[Records from a data collection]
################

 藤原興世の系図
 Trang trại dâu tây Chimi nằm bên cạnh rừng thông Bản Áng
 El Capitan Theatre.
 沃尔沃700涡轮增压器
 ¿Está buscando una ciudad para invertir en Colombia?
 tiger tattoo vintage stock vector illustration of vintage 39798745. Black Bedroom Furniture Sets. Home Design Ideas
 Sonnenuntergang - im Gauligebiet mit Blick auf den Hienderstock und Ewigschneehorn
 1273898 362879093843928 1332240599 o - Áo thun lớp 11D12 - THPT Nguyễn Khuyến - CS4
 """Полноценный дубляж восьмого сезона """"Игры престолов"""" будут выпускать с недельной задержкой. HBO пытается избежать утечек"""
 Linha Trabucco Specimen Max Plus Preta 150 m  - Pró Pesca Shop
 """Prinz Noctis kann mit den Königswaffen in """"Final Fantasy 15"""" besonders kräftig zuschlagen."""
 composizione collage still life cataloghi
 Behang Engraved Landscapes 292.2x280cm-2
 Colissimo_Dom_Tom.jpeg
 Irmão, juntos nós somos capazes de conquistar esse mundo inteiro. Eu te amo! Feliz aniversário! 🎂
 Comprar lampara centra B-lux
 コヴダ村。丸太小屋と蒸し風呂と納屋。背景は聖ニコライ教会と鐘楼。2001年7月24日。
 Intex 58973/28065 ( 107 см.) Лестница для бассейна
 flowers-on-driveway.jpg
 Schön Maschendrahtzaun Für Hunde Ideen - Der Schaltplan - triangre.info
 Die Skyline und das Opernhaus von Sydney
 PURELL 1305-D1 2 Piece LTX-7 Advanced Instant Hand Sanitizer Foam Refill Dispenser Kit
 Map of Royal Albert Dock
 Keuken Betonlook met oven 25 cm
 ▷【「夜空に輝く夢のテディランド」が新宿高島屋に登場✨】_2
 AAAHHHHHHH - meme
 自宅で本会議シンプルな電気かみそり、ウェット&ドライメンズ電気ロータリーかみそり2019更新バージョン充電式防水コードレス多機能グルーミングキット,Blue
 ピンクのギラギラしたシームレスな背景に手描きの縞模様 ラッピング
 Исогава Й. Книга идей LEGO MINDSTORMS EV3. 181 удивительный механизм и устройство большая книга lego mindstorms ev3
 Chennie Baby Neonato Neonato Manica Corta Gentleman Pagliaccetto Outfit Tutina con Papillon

################

◆ Work required
With both ends included, please retype exactly the lines from the line containing "composizione collage still life cataloghi" to the final line of the data.

◆ Result
 composizione collage still life cataloghi
 Behang Engraved Landscapes 292.2x280cm-2
 Colissimo_Dom_Tom.jpeg
 Irmão, juntos nós somos capazes de conquistar esse mundo inteiro. Eu te amo! Feliz aniversário! 🎂
 Comprar lampara centra B-lux
 コヴダ村。丸太小屋と蒸し風呂と納屋。背景は聖ニコライ教会と鐘楼。2001年7月24日。
 Intex 58973/28065 ( 107 см.) Лестница для бассейна
 flowers-on-driveway.jpg
 Schön Maschendrahtzaun Für Hunde Ideen - Der Schaltplan - triangre.info
 Die Skyline und das Opernhaus von Sydney
 PURELL 1305-D1 2 Piece LTX-7 Advanced Instant Hand Sanitizer Foam Refill Dispenser Kit
 Map of Royal Albert Dock
 Keuken Betonlook met oven 25 cm
 ▷【「夜空に輝く夢のテディランド」が新宿高島屋に登場✨】_2
 AAAHHHHHHH - meme
 自宅で本会議シンプルな電気かみそり、ウェット&ドライメンズ電気ロータリーかみそり2019更新バージョン充電式防水コードレス多機能グルーミングキット,Blue
 ピンクのギラギラしたシームレスな背景に手描きの縞模様 ラッピング
 Исогава Й. Книга идей LEGO MINDSTORMS EV3. 181 удивительный механизм и устройство большая книга lego mindstorms ev3
 Chennie Baby Neonato Neonato Manica Corta Gentleman Pagliaccetto Outfit Tutina con Papillon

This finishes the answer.